On April 14, McDermott Will & Emery partners Tom Conaghan and Carl Fleming and Nicole Neeman Brady, CEO and director of the renewable energy SPAC, Sustainable Development Acquisition I Corp, discussed the rise of special purpose acquisition companies (SPACs), the opportunities they present in renewable energy and in the transition to green infrastructure and the complex legal and business challenges these vehicles present.

Below are key takeaways from the webinar:

  1. There has been an increase in SPAC activities in recent years, and this presents an opportunity for sponsors, investors and private companies.
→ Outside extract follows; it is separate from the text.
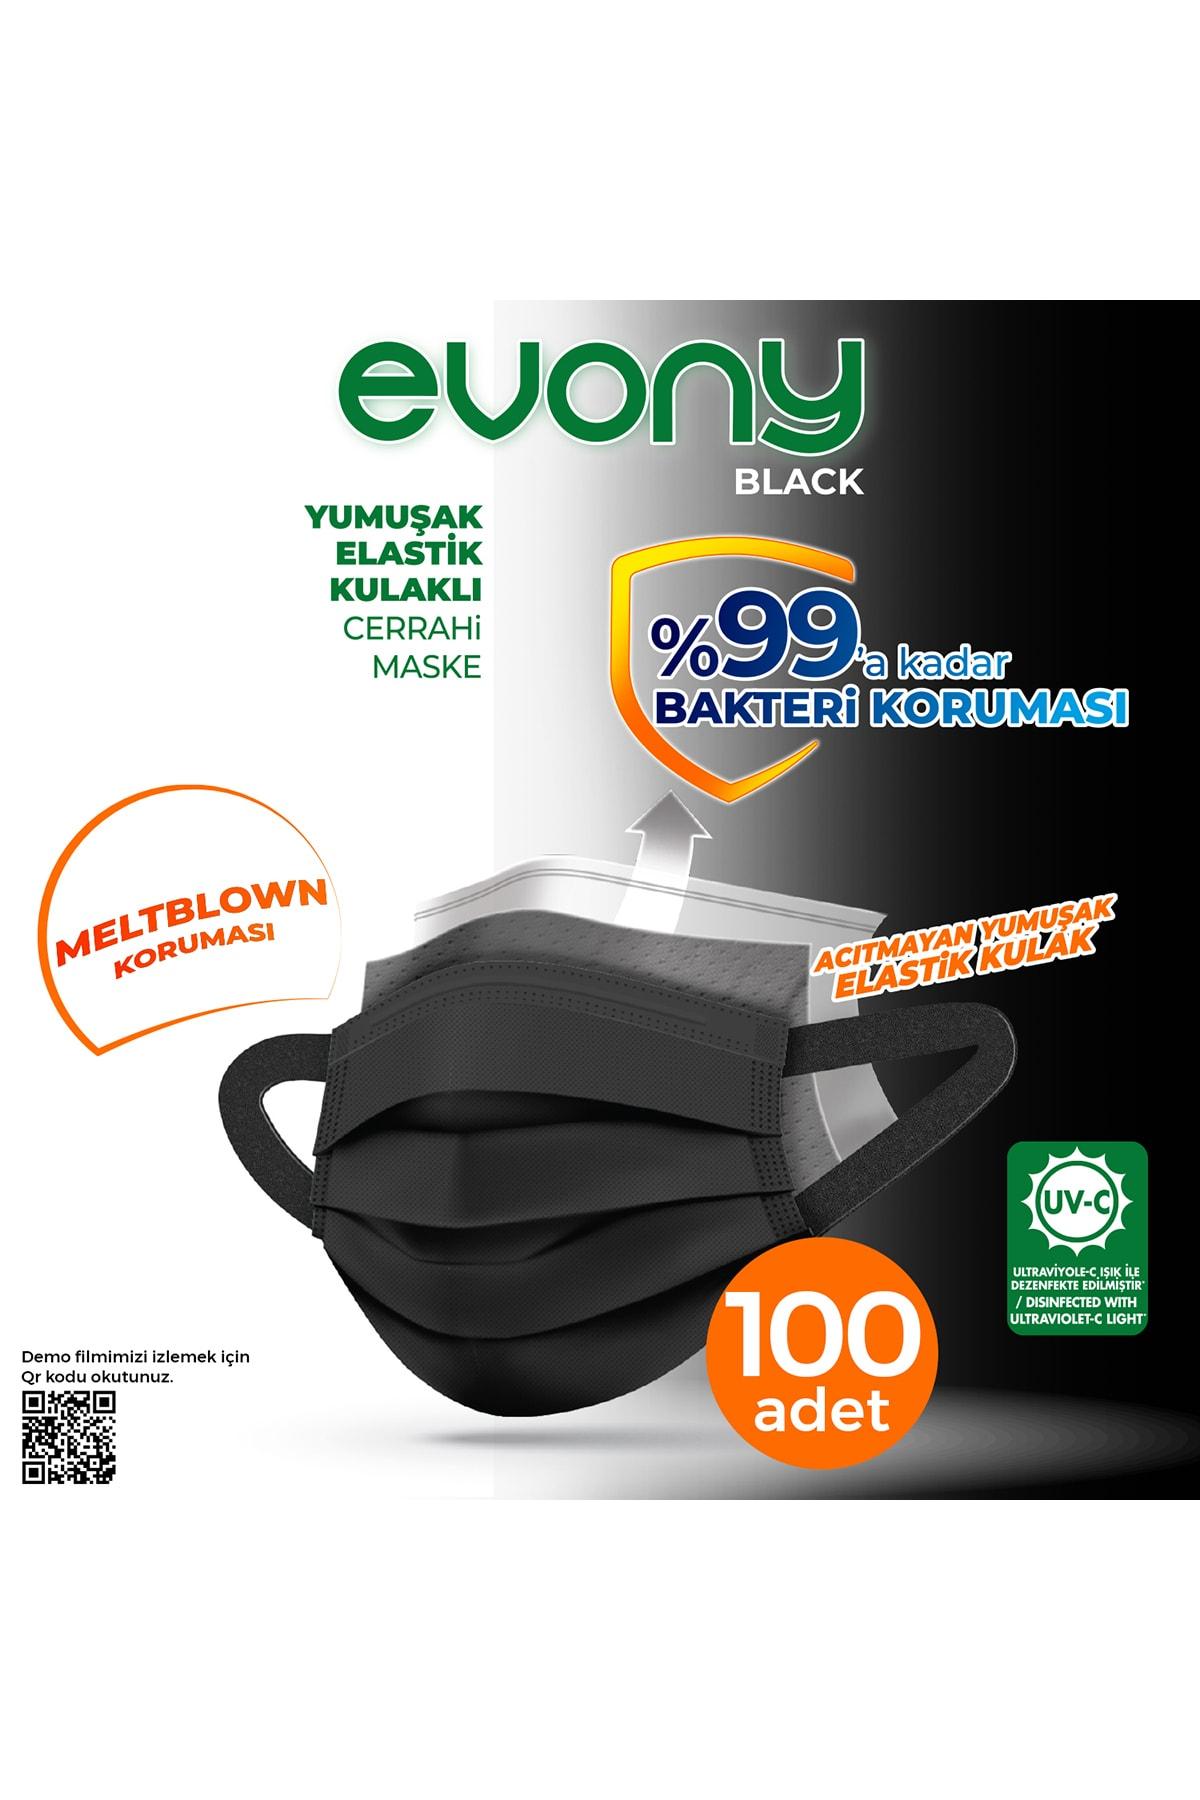 Evony Siyah Elastik Kulaklı Maske 100 Adet 1

Each stakeholder has distinct advantages for entering into a SPAC transaction.
  2. Sponsors are able to take advantage of the industry experience they already have, including in the capital markets sector and the specific industry sector of the target company. Investors have downside protection with the money they invest, which may be refunded at a later date. Investors are also eligible to purchase warrants in connection with SPAC initial public offerings (IPOs), offering additional protection. Private companies are offered access to capital markets without having to undergo a traditional IPO, which is a burdensome process in complying with various regulations and underwriter requirements.
  3. Various SPACs consider different factors in making investments. Sustainable Development Acquisition I Corp, for example, looks for sustainability goals that balance profit and purpose as a B Corp. and prioritizes companies that have expertise and goals that are consistent with sustainable growth.
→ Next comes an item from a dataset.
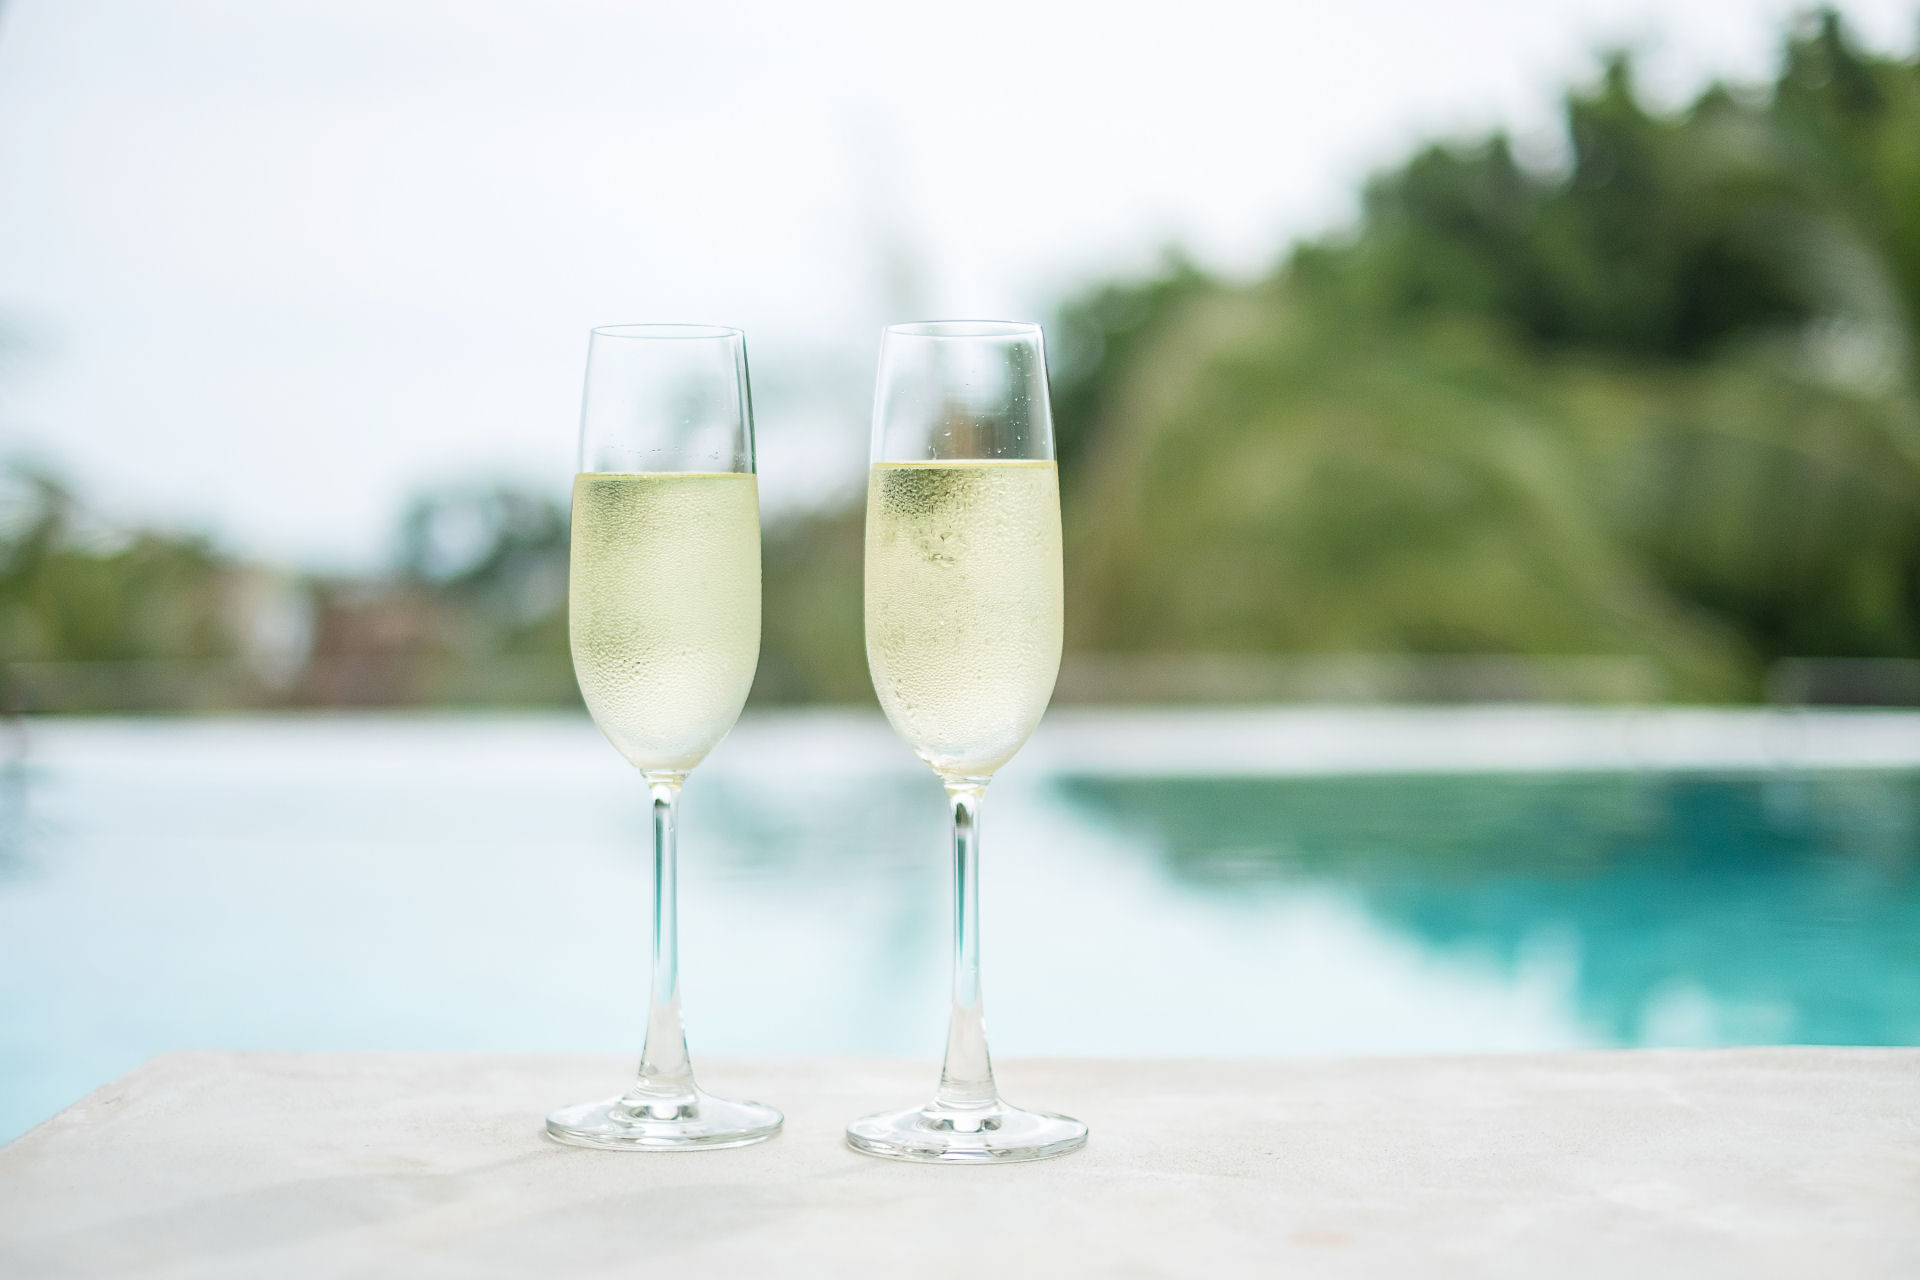 <p><strong>ITALSKÁ PERLIVÁ VÍNA</strong><br /> Jako jediná vinotéka v Opavě máme v nabídce<br /> italská perlivá stáčená vína!</p>

  4. Private companies that are hoping to do a SPAC transaction should prepare in advance to make sure it is ready to comply with public company laws and regulations. These rules are complex and will require long lead times before the company is in a position to be regulated as a public company. In particular, preparation of financial statements can be challenging to prepare. As there is an 18- to 24-month deadline for SPACs, private companies would benefit from getting a head start in preparation.
  5. The US Securities and Exchange Commission (SEC) has recently been more involved with IPOs conducted through SPACs, including publishing a primer on SPAC transactions and a statement on whether warrants should be treated as equity or liability for accounting purposes. In light of such recent developments from the SEC, all stakeholders should exercise more caution in performing SPAC transactions and avoid cutting corners.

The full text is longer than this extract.